Abstract

RAG_Assistant_for_Travel_Advisory is a Python-based Retrieval-Augmented Generation assistant that provides evidence-backed travel guidance. It combines semantic retrieval over curated travel documents with an LLM-based response generator to produce accurate, source-cited answers on visas, health advisories, regulations, and itineraries. The project includes ingestion, indexing, retrieval, generation modules, and evaluation tools for relevance and factuality. This RAG assistant is intended to aid travelers and travel advisors by delivering up-to-date, verifiable information while enabling further extension to additional domains and sources using
OpenWeather Map data.

Introduction

This project addresses a common challenge in conversational AI for travel: providing up-to-date, verifiable, and context-aware answers while minimizing hallucinations.

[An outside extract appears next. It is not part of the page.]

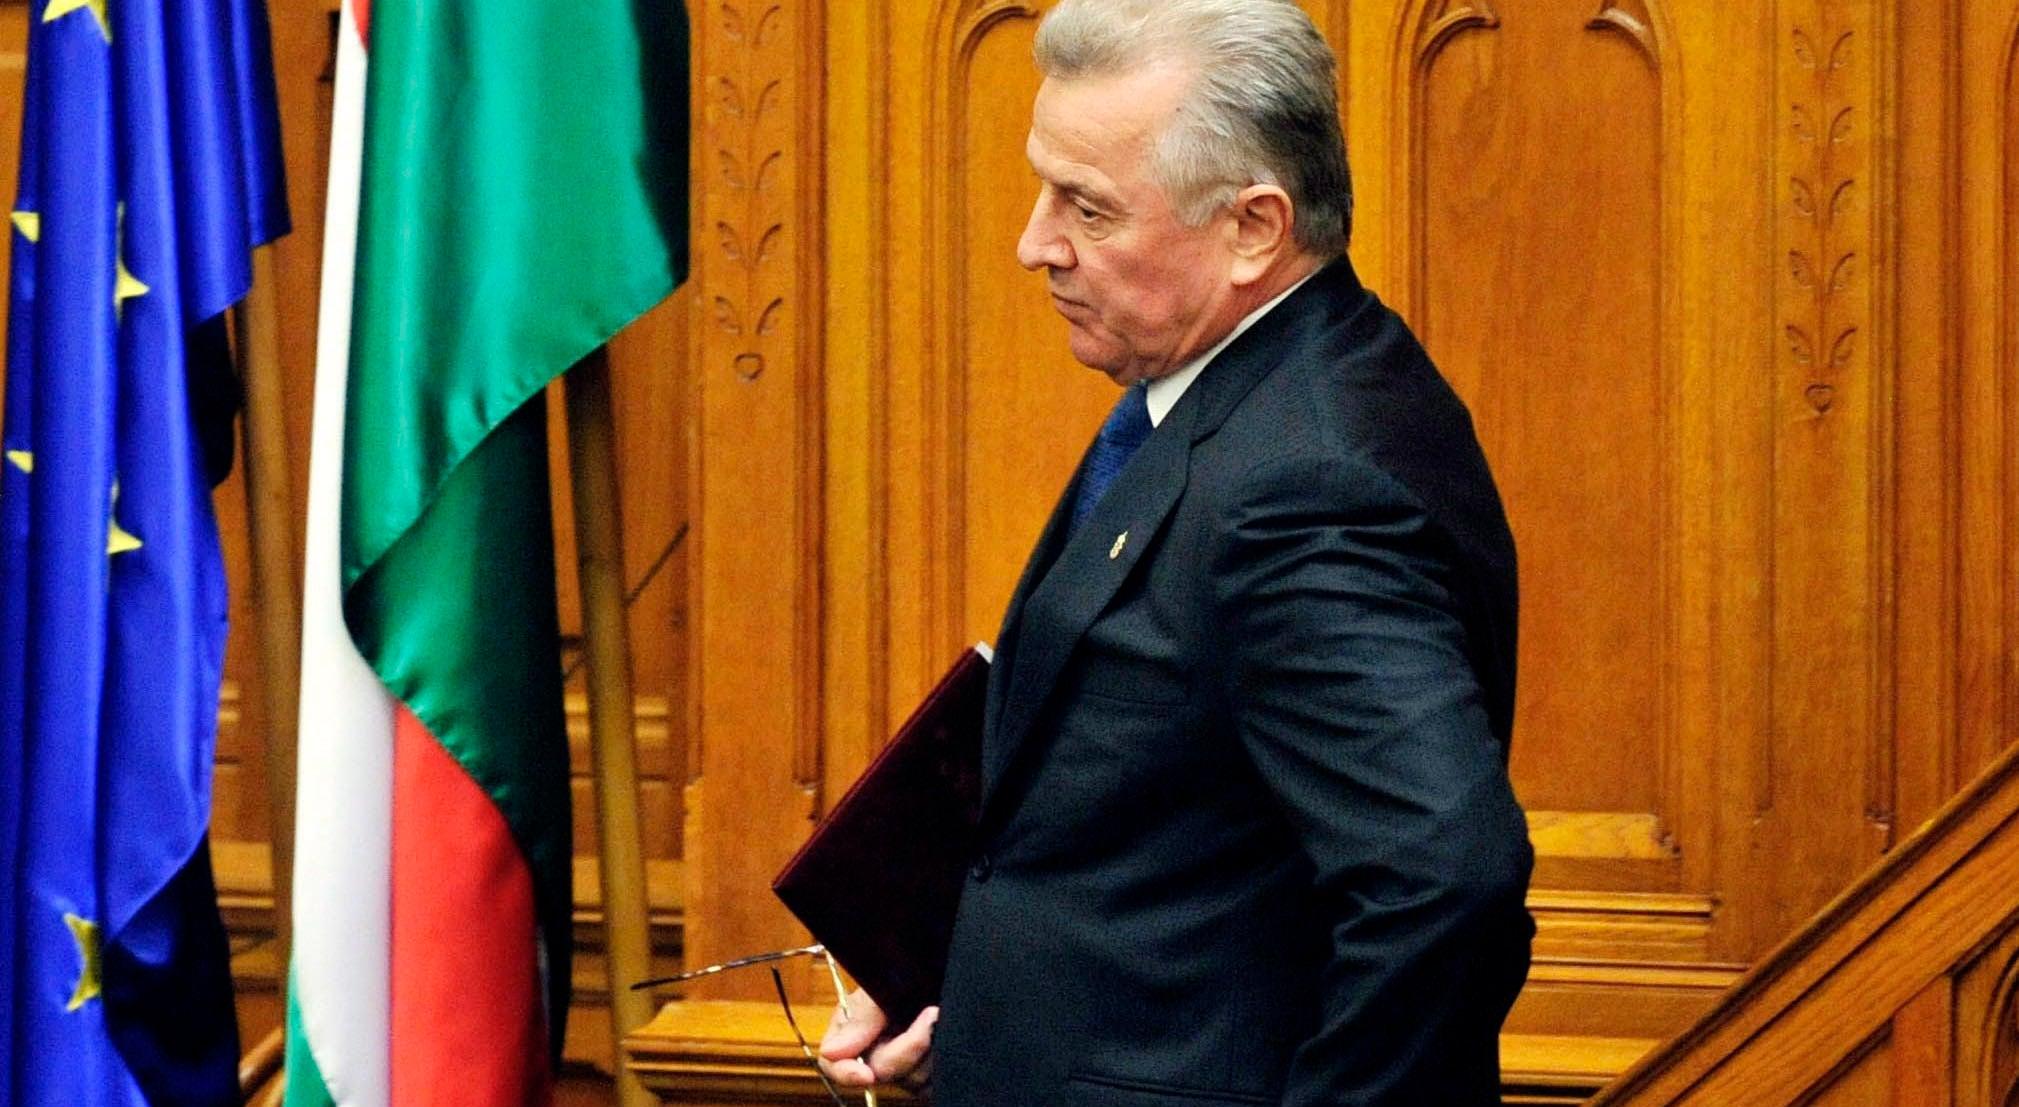 Presidente da Hungria demite-se depois de ser acusado de pl�gio

The system integrates real-time environmental signals (for example, OpenWeatherMap for current weather conditions) with a Retrieval-Augmented Generation (RAG) pipeline that grounds responses in a curated knowledge base of travel documents (health advisories, local regulations, destination guides, transit alerts, and more). By combining live data and retrieved source passages, the assistant tailors travel suggestions to the user’s immediate context — e.g., recommending indoor itinerary alternatives, clothing and packing tips, transit adjustments, or health precautions when the weather indicates heavy rain, heatwaves, or poor air quality.

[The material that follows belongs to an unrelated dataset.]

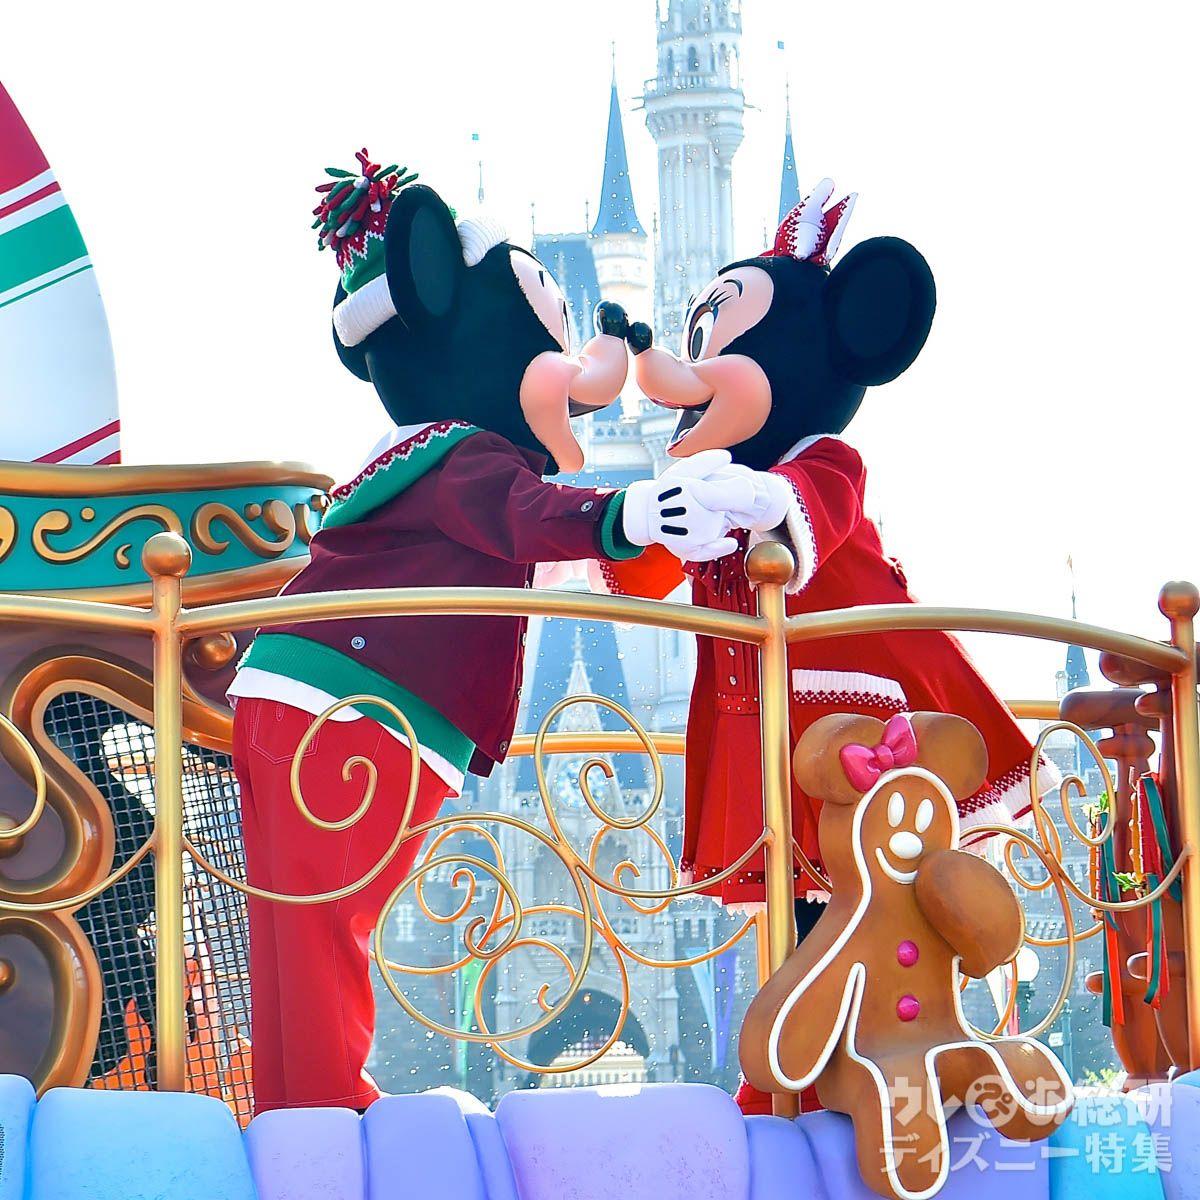 """テーマパーク・エンタメ情報@ウレぴあ総研 on twitter: """"tdlクリスマス"""
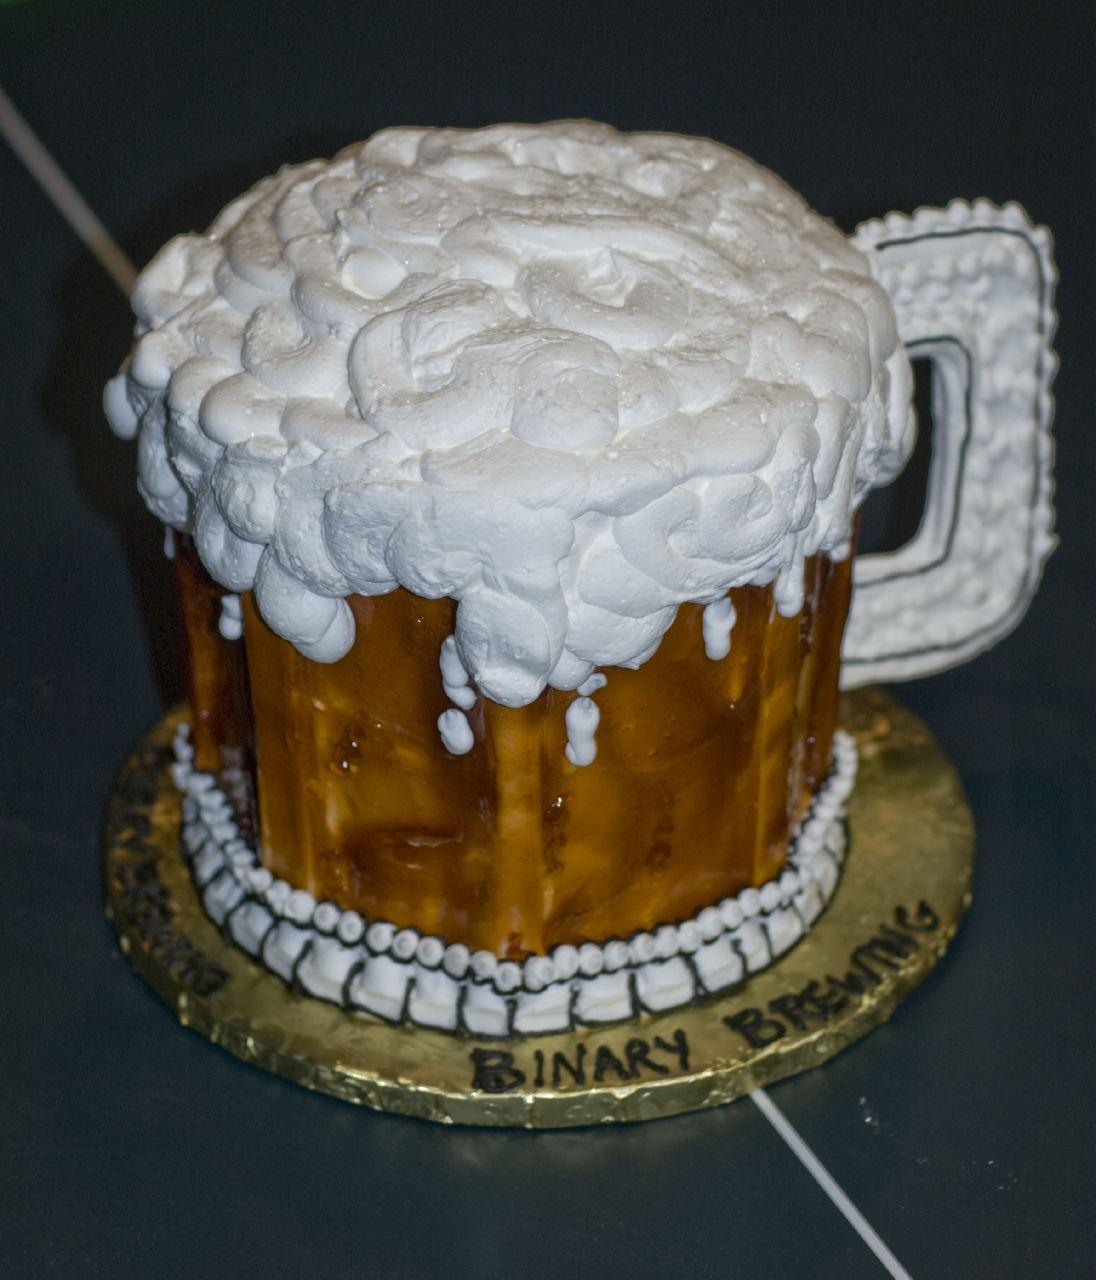 A Cake Shaped Like A Beer

Weather Advisory Process Flowchart

Methodology

This project implements a weather-aware Retrieval-Augmented Generation (RAG) travel assistant: it gathers and indexes travel/weather documents, fetches live weather via OpenWeather, retrieves relevant context from a vector store, and uses an LLM (OpenAI / Groq / Google Gemini) with a structured prompt chain to produce evidence‑based travel recommendations.

📦 Project Structure

RAG_Assistant_for_Travel_Advisory
├── src/vectordb.py          Vector DB wrapper and embedding pipeline (ChromaDB + SentenceTransformers).
├── src/weather_app.py       The RAG assistant orchestration: loads LLM, constructs prompt template/chain, invokes generation using both retrieved context and live/historical weather data.
├── src/weather_forecast.py  Fetches and stores weather data for many countries using OpenWeather and geocoding; writes files under data/weather/.
├── requirements.txt     project dependencies. Data ingestion and preparation (methods)
├── README.md           Project documentation
├── chroma_db/           Persistent ChromaDB storage created by the VectorDB wrapper.
│   └── ...
├── data/               
│   ├── weather/         Persisted weather text files used as the local RAG corpus.
└── .gitignore           # Excludes .env, venv, etc.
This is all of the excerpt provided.